1. Velocity. The Lizards are slender. The Sand-snake, Tephrometopon, is whip-like; even the Cobra has a relatively narrower and longer tail than the Indian specimens, although the number of the vertebrae and of the scales is the same. All the desert-snakes are remarkable for the great number of their ventral shields, two hundred and more.
2. Hard, scaly covering, for instance in Agama, Echis, Gymnodactylus, Teratoscincus; the latter with its fish-like scales is exceptional among Geckos, resembling the likewise deserticolous Geckolepis and Homopholis of Africa.
3. Capacity for digging in the sand in order to escape great cold, or burning heat. All the Lizards and the Tortoise, Testudo horsfieldi, have strong claws. The snakes Typhlops and Eryx dig with their specially modified snouts, and their tails are very short and blunt. The Sand-viper, Echis, has the scales of the back arranged in very oblique rows, so that it can heap sand upon its body by wriggling, shaking, and up-and-down motions of the body. The Agamoid Phrynocephalus does this by means of lateral folds of the skin.

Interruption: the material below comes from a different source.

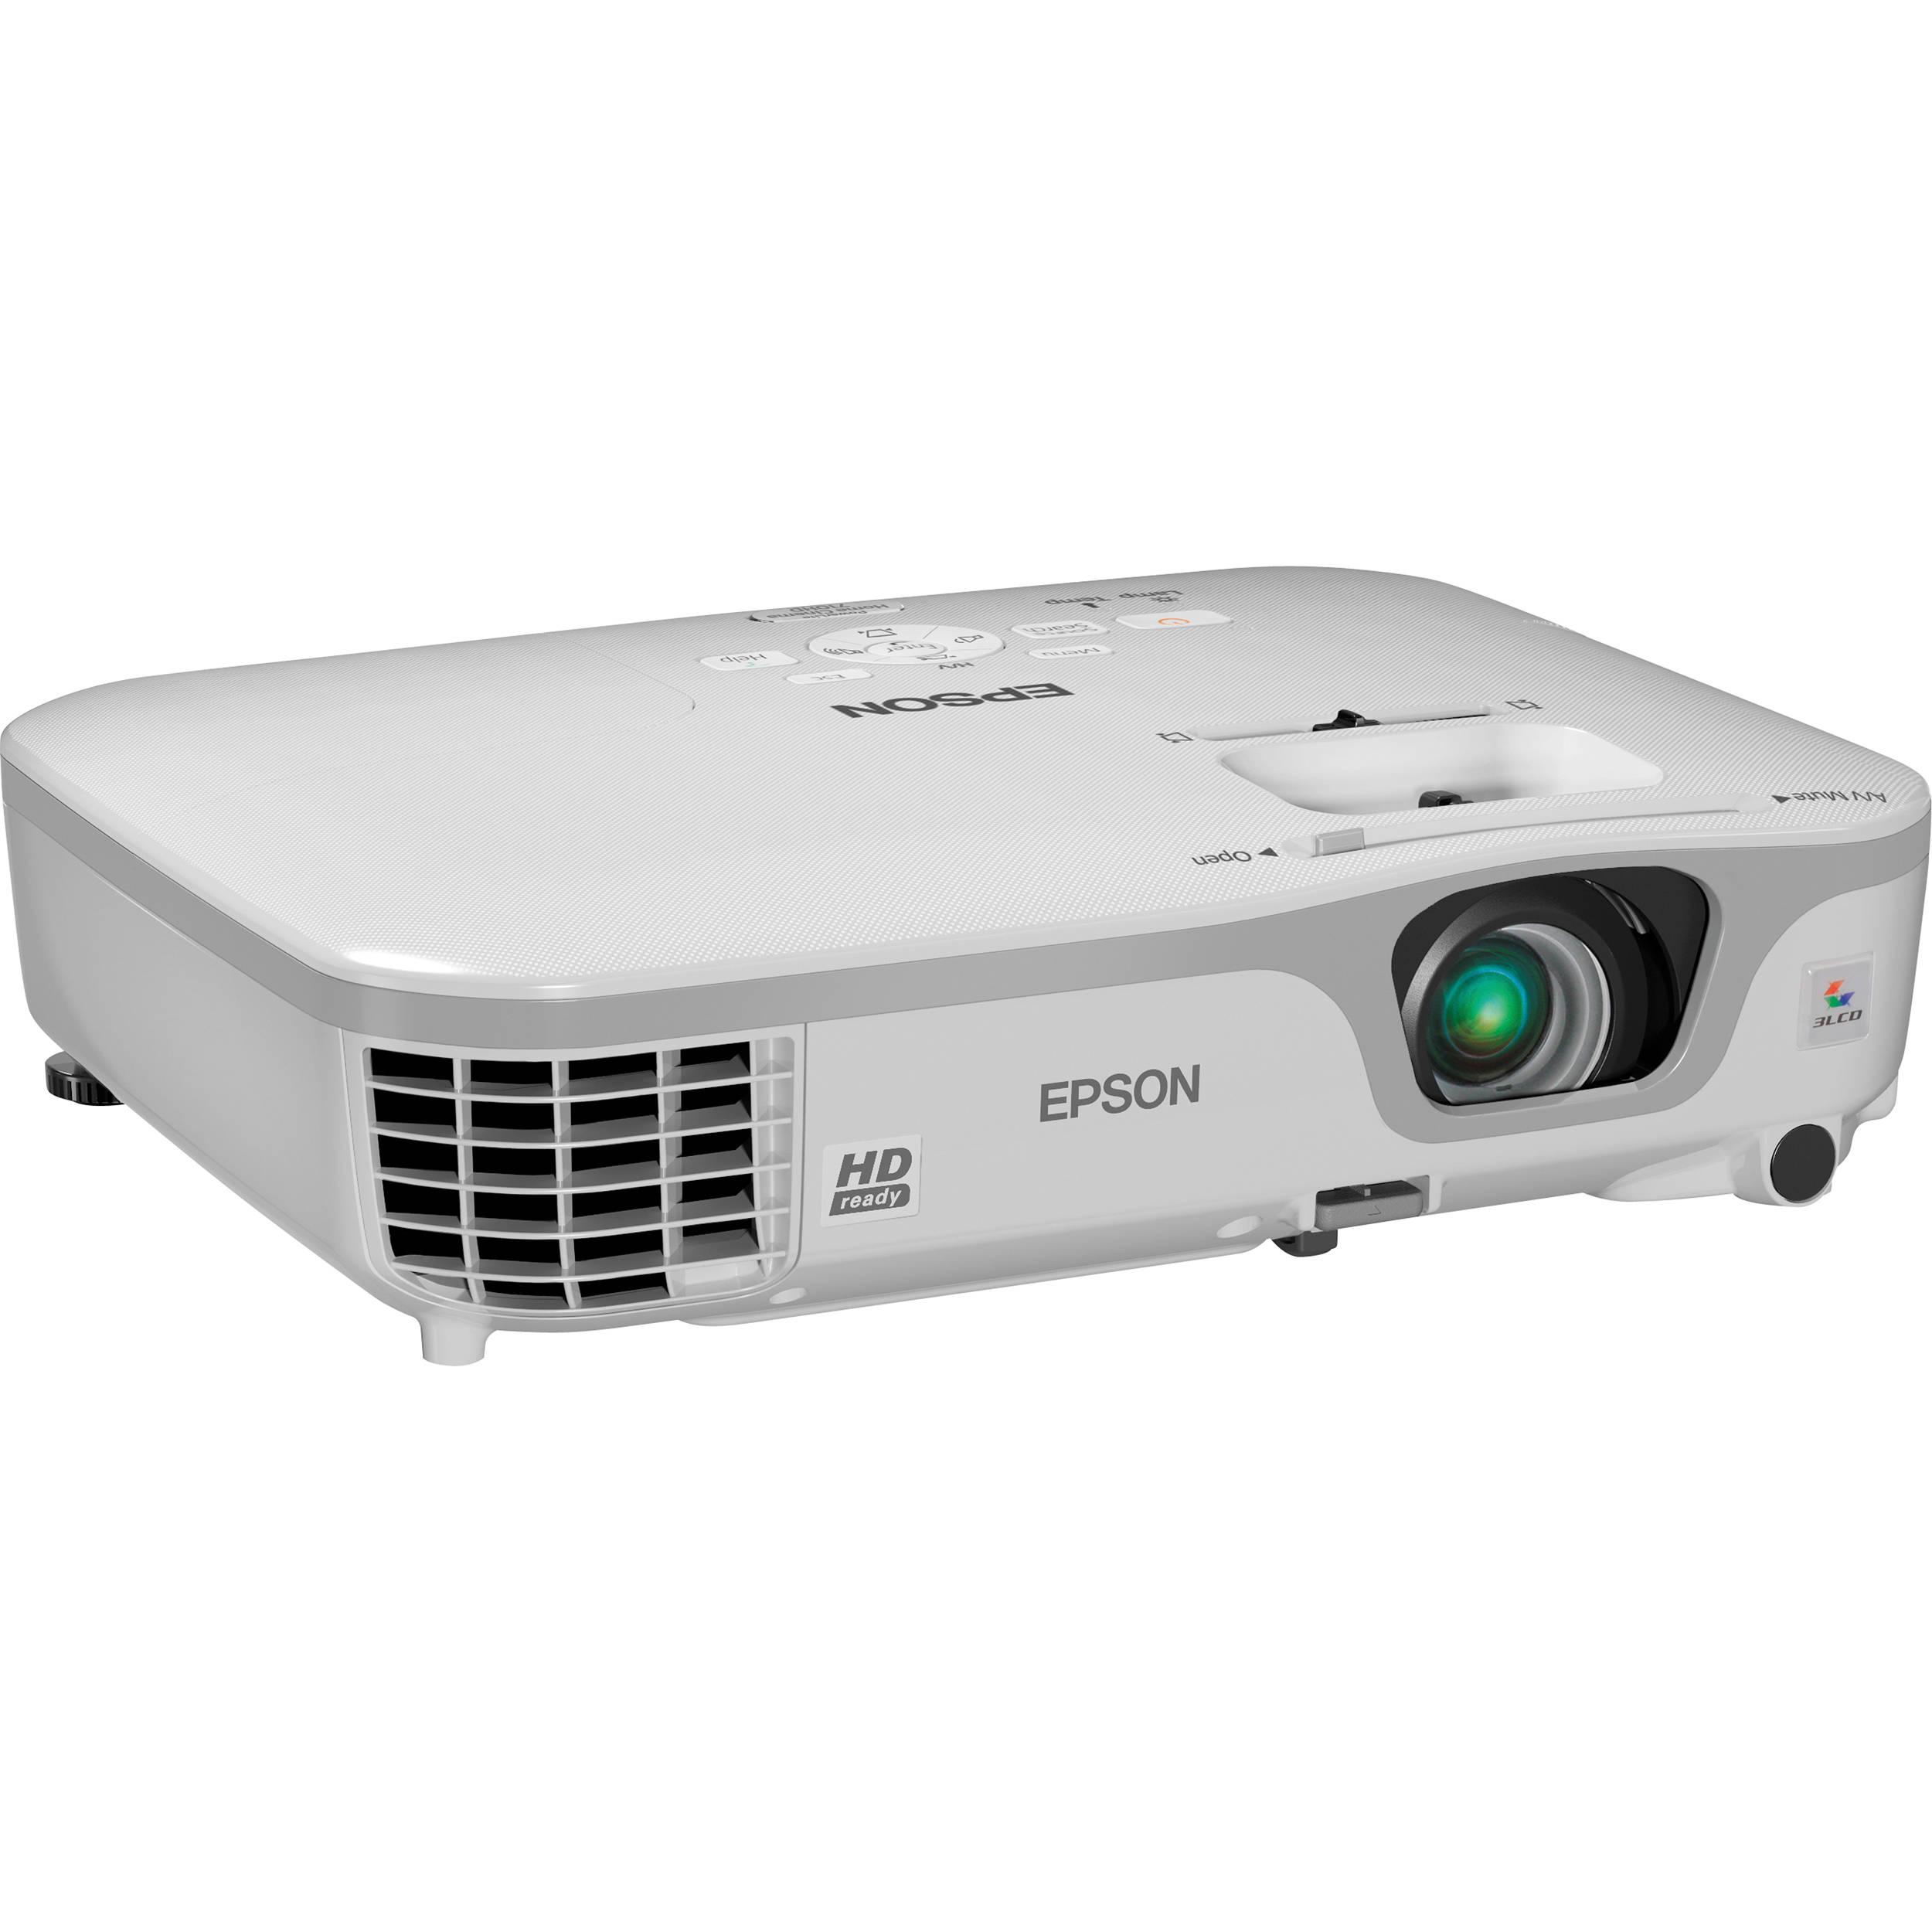 epson powerlite home cinema 710hd projector v11h475020 b h photo rh bhphotovideo com Epson Printers Epson L380 Manual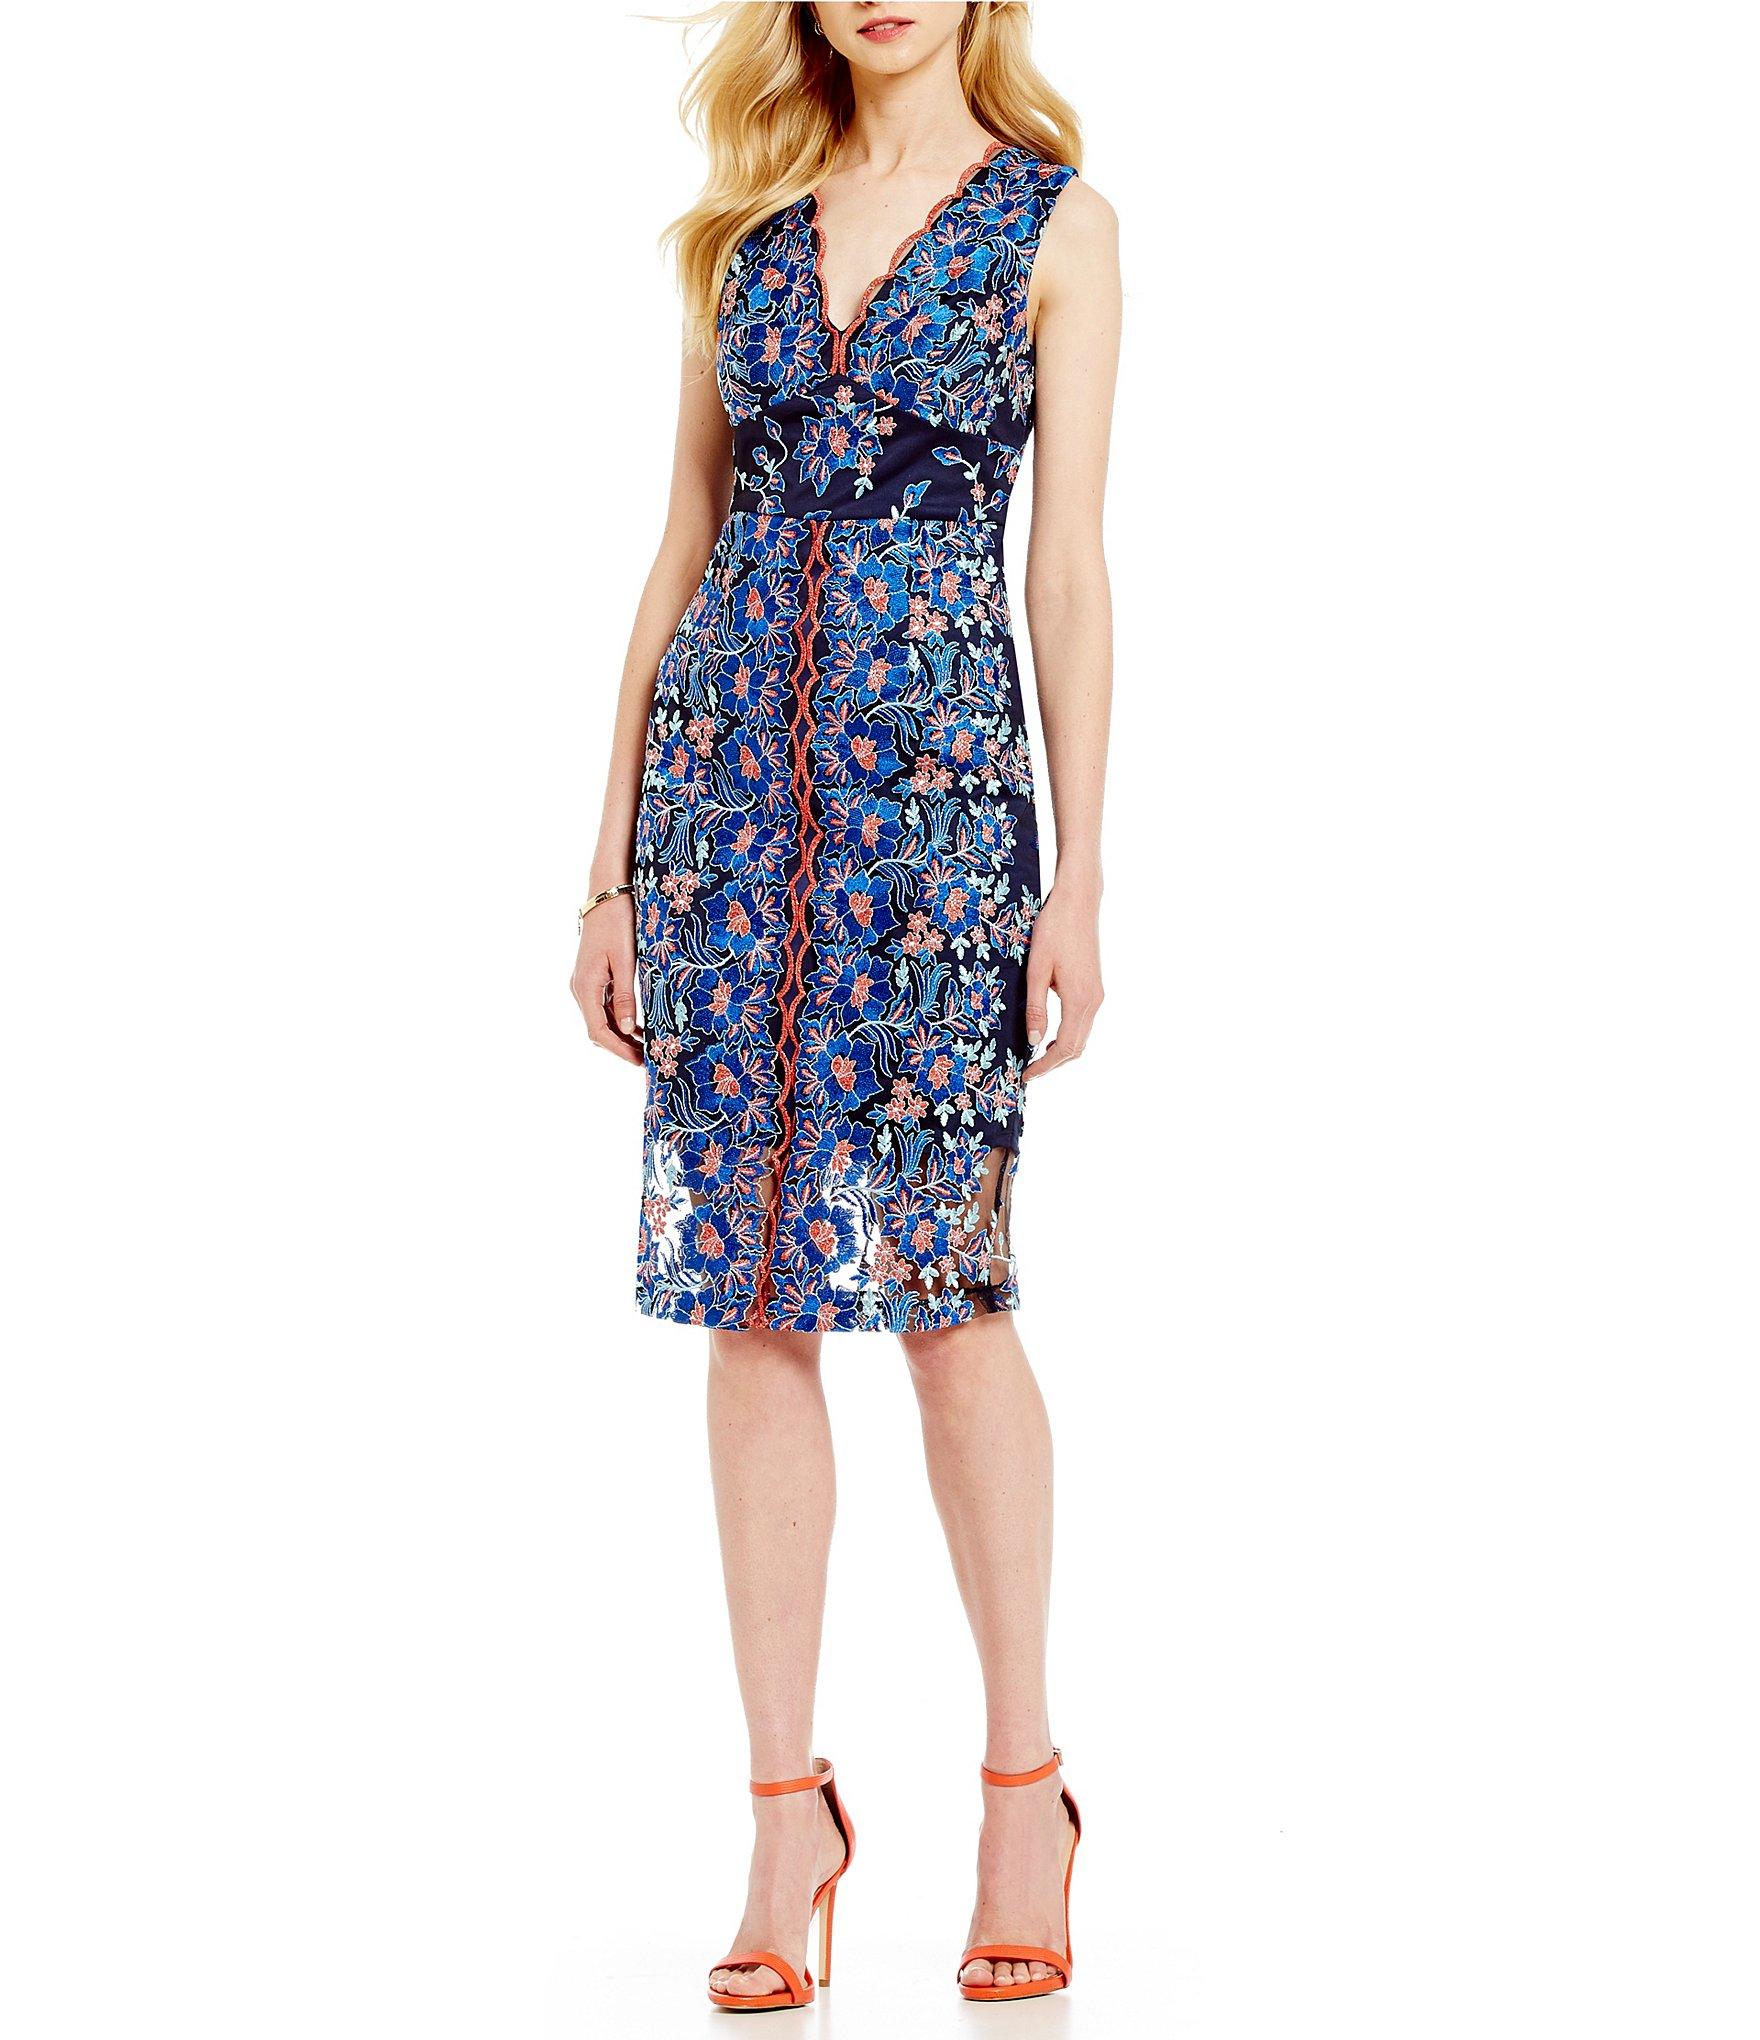 Women\'s Clothing | Dresses | Daytime | Dillards.com

4. Arrangements for running on sand. The lizard Eremias has very large crural shields; Scapteira has the digits broadened out into shovels; others, e.g. Phrynocephalus and Teratoscincus, have long lateral fringes on the digits, a very rare arrangement among Geckos, occurring elsewhere among them only in Ptenopus and Stenodactylus, which are likewise inhabitants of the desert.
5. Protection against the everlasting, ubiquitous sand. In the digging species the nostrils are directed upwards instead of forwards; in most of the snakes they are protected by complicated valves, or they are reduced to small pin-holes. The eyes of Typhlops are overhung by the head-shields. In Agama and Phrynocephalus the margins of the lids are broadened into plates and are furnished with peculiar scales. In Teratoscincus the upper lid is enlarged. The lizard Mabuia has the lower lid much enlarged, with a transparent window in it, so that the eye can be closed without impeding sight, an arrangement carried to the extreme in Ablepharus, cf. p. 560. The ear-opening is either small, or protected by fringes of scales, or it is abolished, e.g. in Phrynocephalus.
6. Coloration. Pure green is quite absent, even in Bufo viridis and in Rana esculenta, since there is no green in that country, at least not of long duration. White, with grey and black spots, occurs only in the nocturnal Geckos. Yellow, brownish, reddish colours are common, in adaptation to the sand. The advantages of the carmine-red, and of the blue spots of Phrynocephalus, and the yellow or bright red under surface of its tail, are unknown. Striation is of frequent occurrence among the lizards and snakes, probably in adaptation to the dry grass heaped up around the scattered shrubs.
Concerning the various organic systems of the Autosauri only some of the more important features may here be mentioned.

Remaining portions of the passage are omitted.